🤖 AI Summary
To address weak appearance-style controllability and multi-view inconsistency in text/image-guided 3D generation, this paper proposes a zero-shot, single-step 3D model appearance stylization method. Without fine-tuning or optimization, it injects CLIP-extracted style features from a reference image directionally into the cross-layer attention modules of a pre-trained large-scale 3D reconstruction model (e.g., MVDiffusion), explicitly leveraging its implicitly encoded appearance representations for style transfer. The key contribution is the first discovery and exploitation of the implicit global-appearance modeling capability embedded in the attention mechanisms of 3D reconstruction models, enhanced by spatial alignment and CLIP-semantic guidance to ensure multi-view consistency. Experiments demonstrate that our method achieves state-of-the-art performance in visual quality, multi-view consistency, and inference speed, significantly outperforming existing style transfer and 3D editing approaches.
📝 Abstract
With the growing success of text or image guided 3D generators, users demand more control over the generation process, appearance stylization being one of them. Given a reference image, this requires adapting the appearance of a generated 3D asset to reflect the visual style of the reference while maintaining visual consistency from multiple viewpoints. To tackle this problem, we draw inspiration from the success of 2D stylization methods that leverage the attention mechanisms in large image generation models to capture and transfer visual style.
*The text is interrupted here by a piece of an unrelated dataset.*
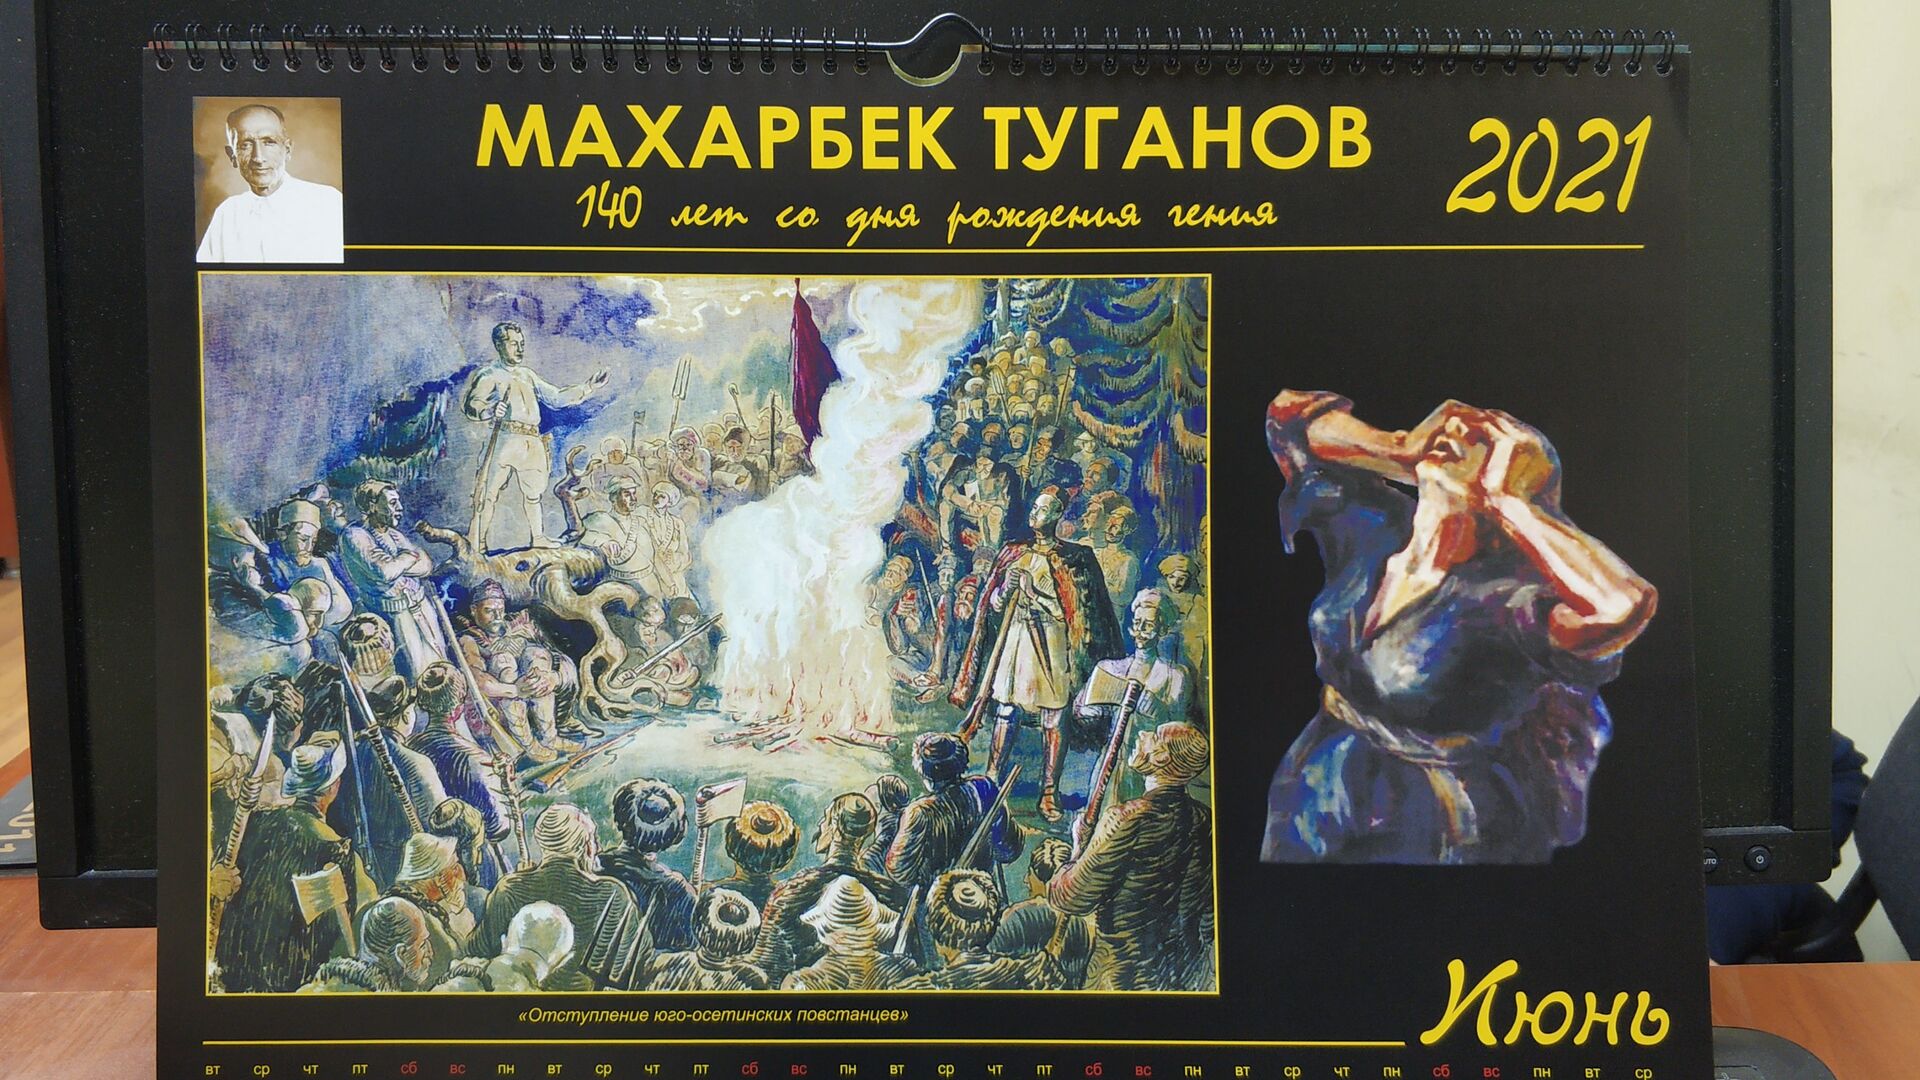 К юбилею Махарбега Туганова в Цхинвале вышел календарь с репродукциями его работ - Sputnik Южная Осетия, 1920, 23.03.2021

In particular, we probe if large reconstruction models, commonly used in the context of 3D generation, has a similar capability. We discover that the certain attention blocks in these models capture the appearance specific features. By injecting features from a visual style image to such blocks, we develop a simple yet effective 3D appearance stylization method. Our method does not require training or test time optimization. Through both quantitative and qualitative evaluations, we demonstrate that our approach achieves superior results in terms of 3D appearance stylization, significantly improving efficiency while maintaining high-quality visual outcomes.